The utmost goal of this research session was to find out the factors affecting the share prices of two banks and a descriptive statistical study on the performance of the two banks using the main performance indicators and also finding the best linear model for the two banks, considering share price as the most important performance measure. For this study secondary data has been employed during the period of 2007-2016 courtesy of Central Bank Sri Lanka and Colombo Stock Exchange. Descriptive statistical study suggests that the Hatton National bank has the better performance comparing to the Seylan Bank throughout the period 2007-2016. Though HNB has a higher share price movement but still it is volatile comparing to the Seylan Bank. In other words Seylan Bank indicates more deterministic share price movement than the HNB. The major reason behind the downfall of the Seylan Bank share price movement is that in 2008 it is participated by the unfolding drama with the Golden Key Credit Card Company which has nothing to do with the global financial crisis.

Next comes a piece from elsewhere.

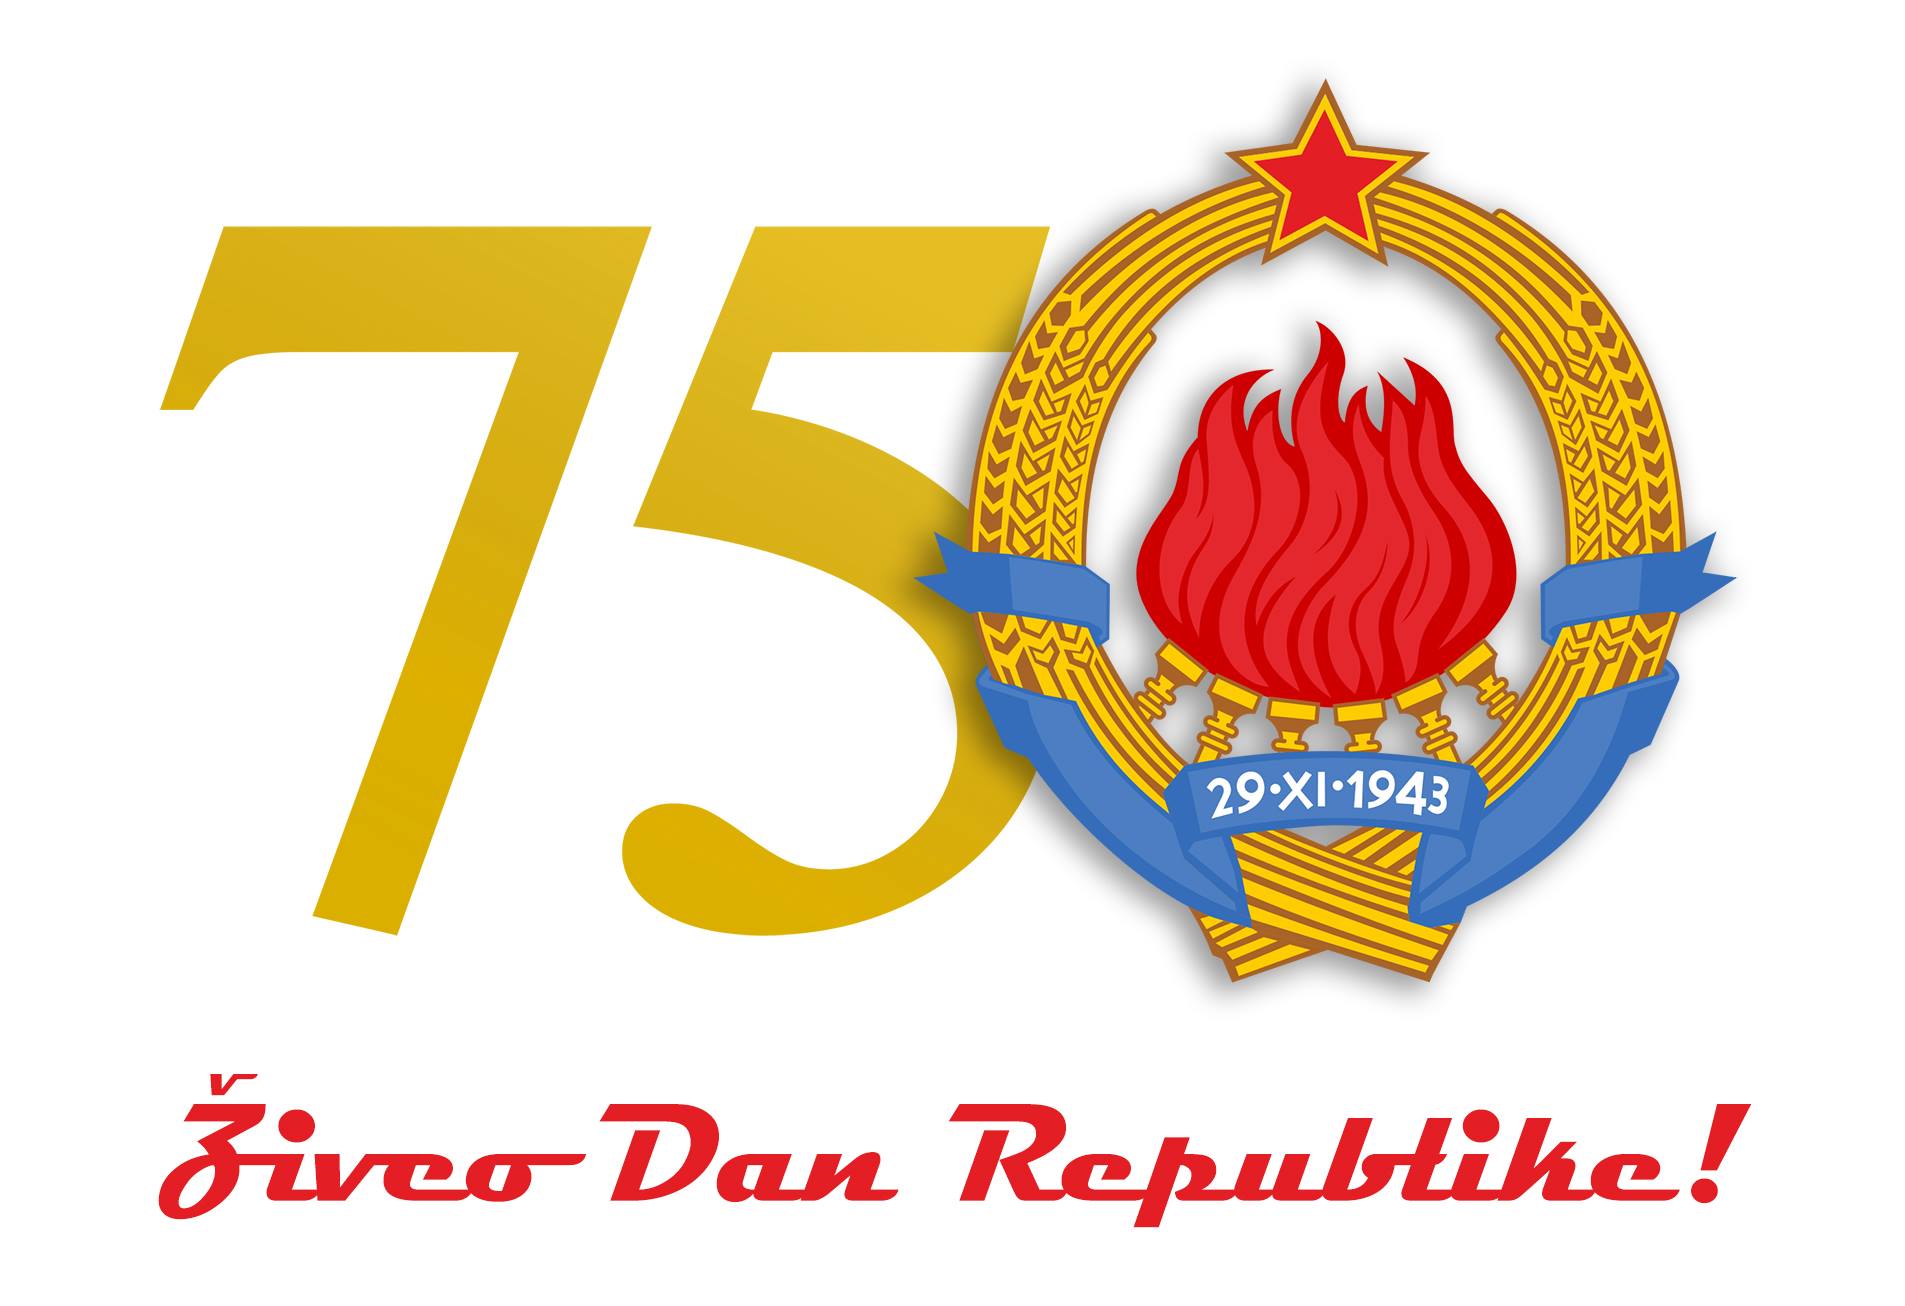 Il y a 75 ans, était fondé le Comité national de libération de la Yougoslavie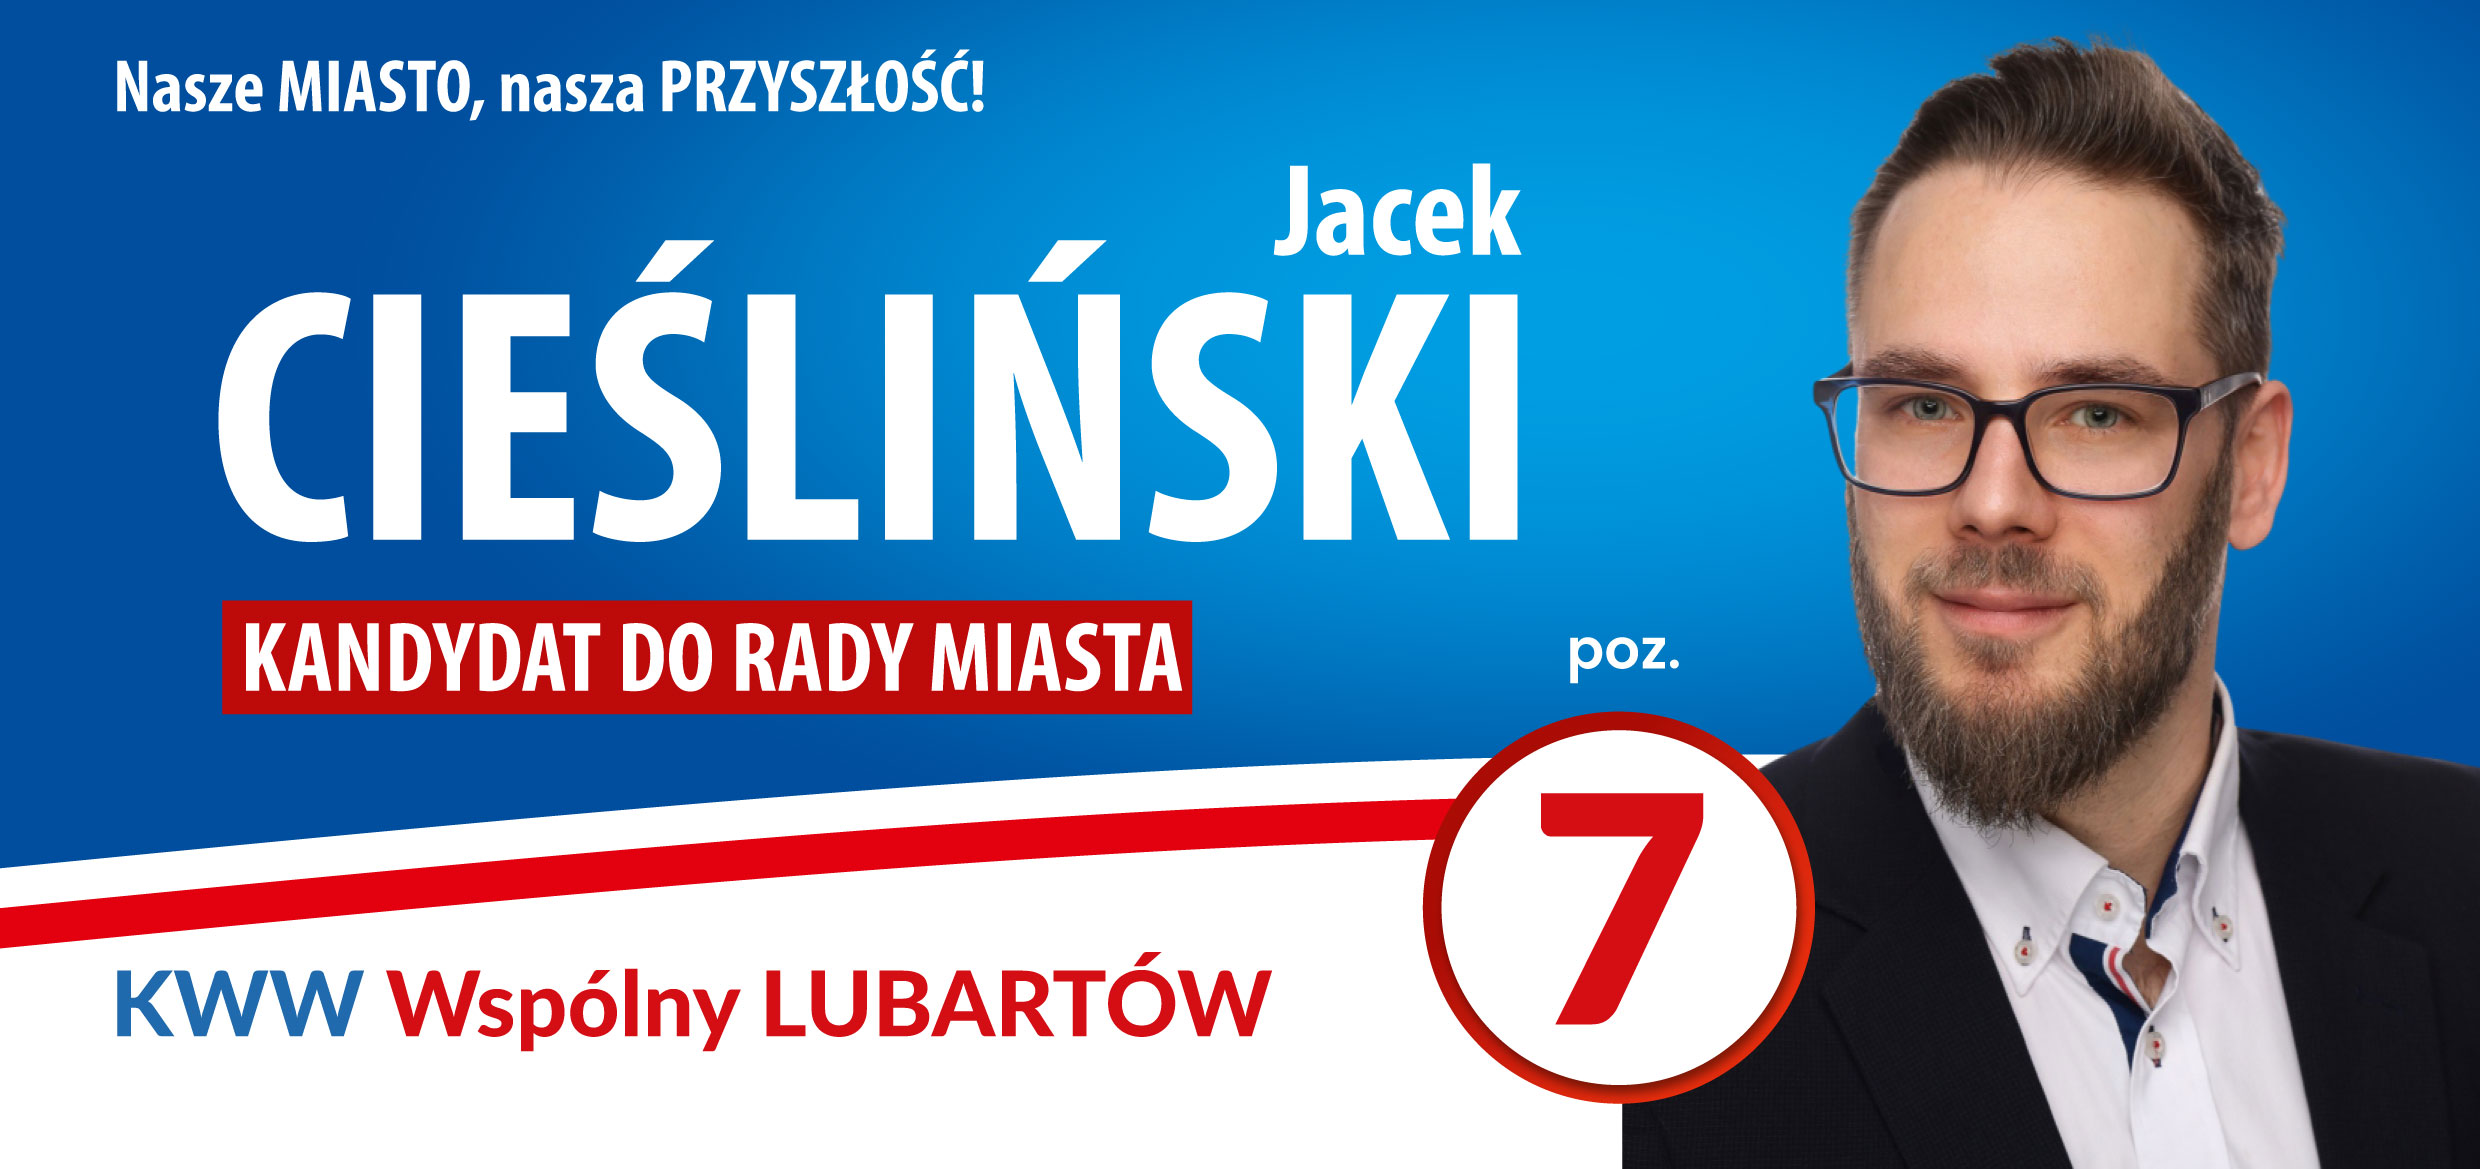 Cieśliński_Jacek-1

Due to the efforts pulled by the new management, Seylan bank was able to maintain a steady growth rate of share price movement thereafter. Stepwise regression results suggested that the Money Supply (M1) and the Bank Lending Rates (LR) are the key factors which influence the share price movement of the two banks. Furthermore the researcher carried out the best subset regression method for analyzing the factors again and found out that the results are identical.